Go through the following data and transcribe exactly the stretch of lines from the one holding "Oki MC860n MFP" to the one holding "Sissel® Kinesiology Tape Bleu 5 cm x 5 m", both included.

◆ **DATA**

———

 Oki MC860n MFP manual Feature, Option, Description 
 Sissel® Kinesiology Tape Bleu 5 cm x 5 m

———

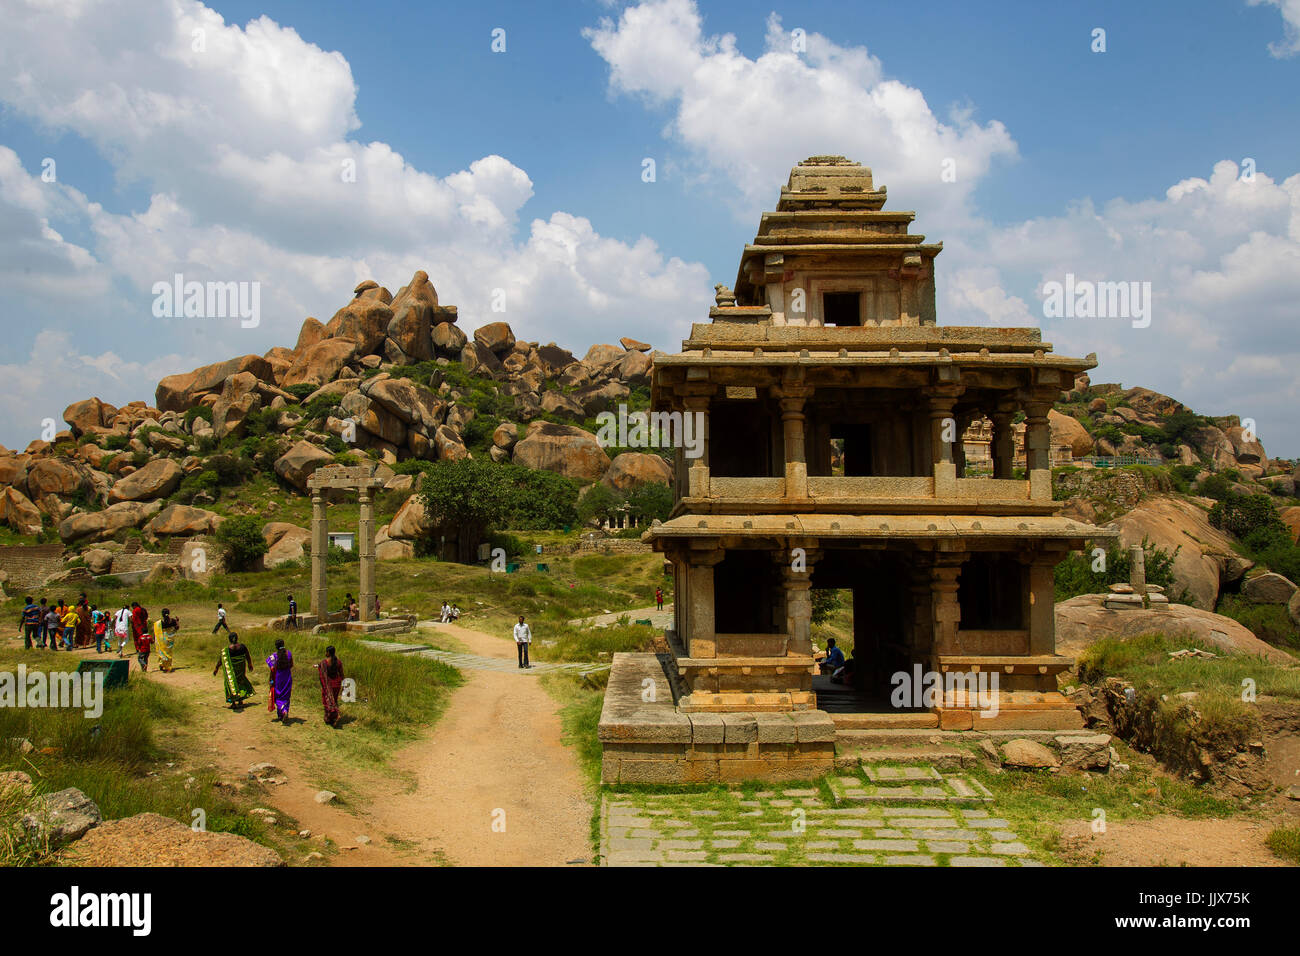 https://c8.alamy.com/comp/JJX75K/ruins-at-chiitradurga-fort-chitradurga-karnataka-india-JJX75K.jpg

———

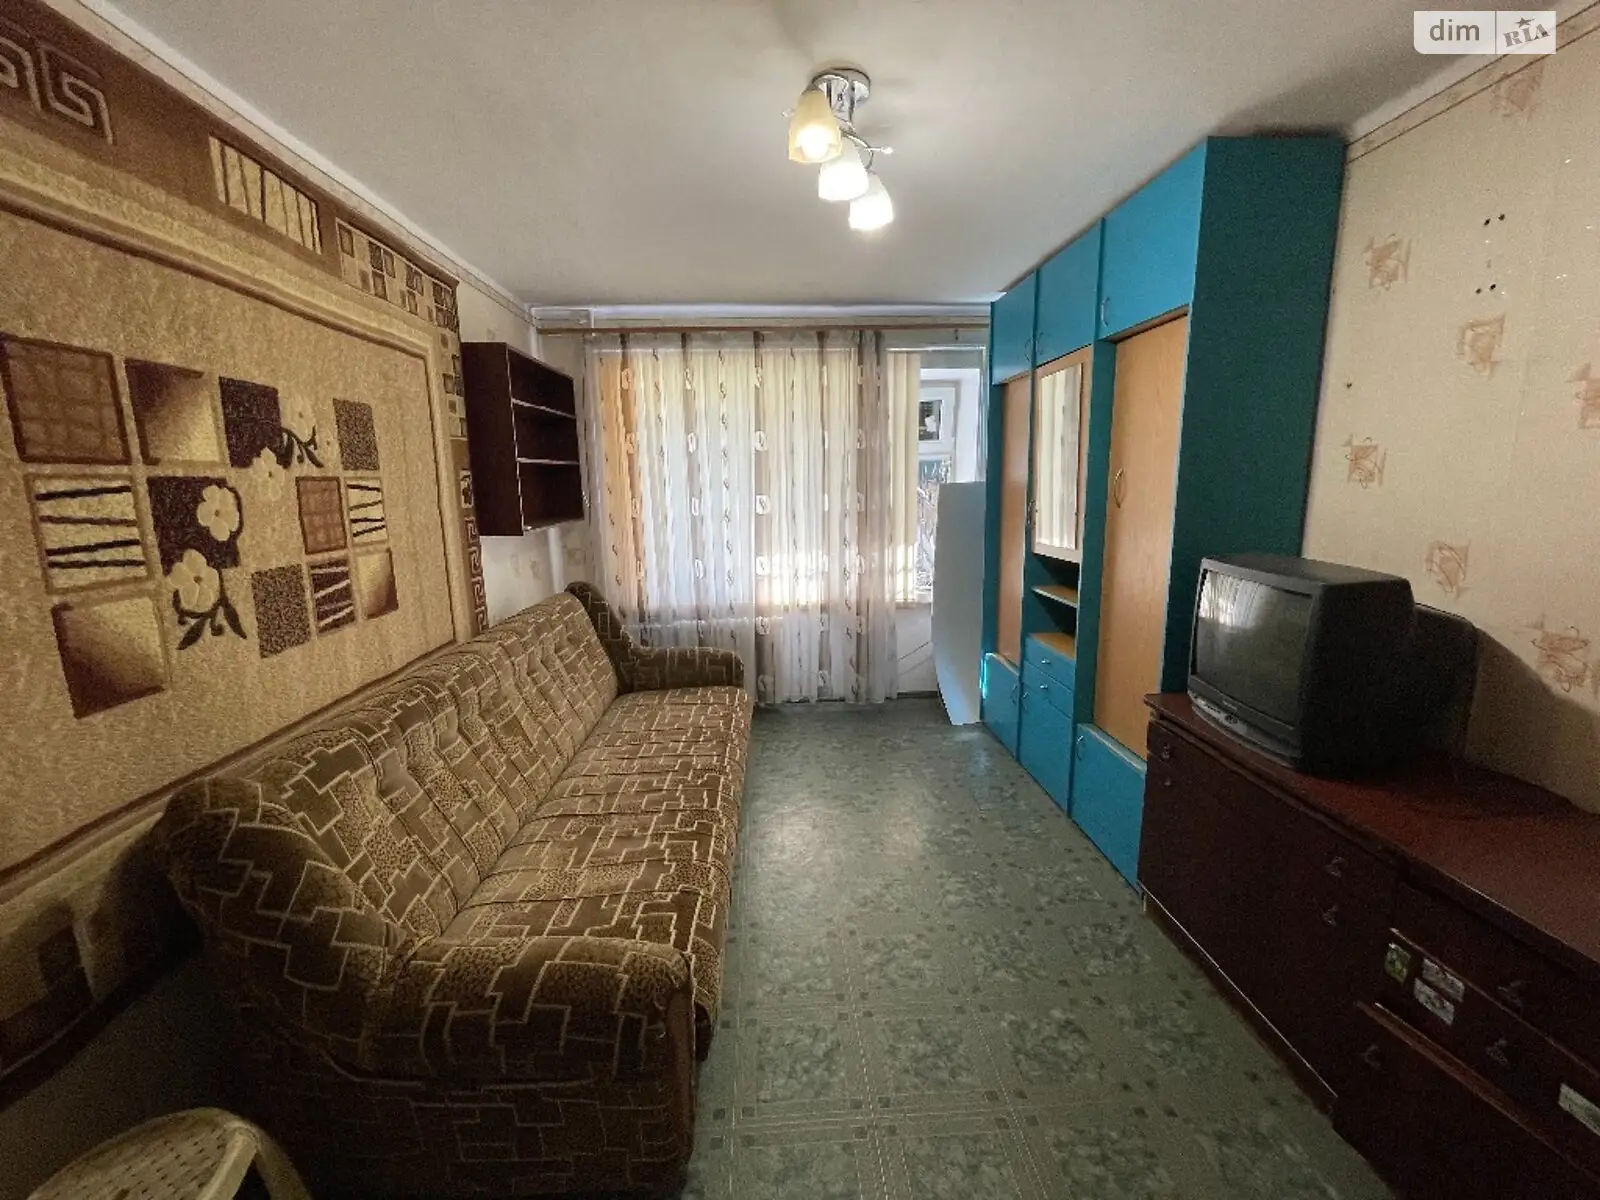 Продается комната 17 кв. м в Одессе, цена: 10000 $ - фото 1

———

◆ **SOLUTION TO THIS PROBLEM**
 Oki MC860n MFP manual Feature, Option, Description 
 Sissel® Kinesiology Tape Bleu 5 cm x 5 m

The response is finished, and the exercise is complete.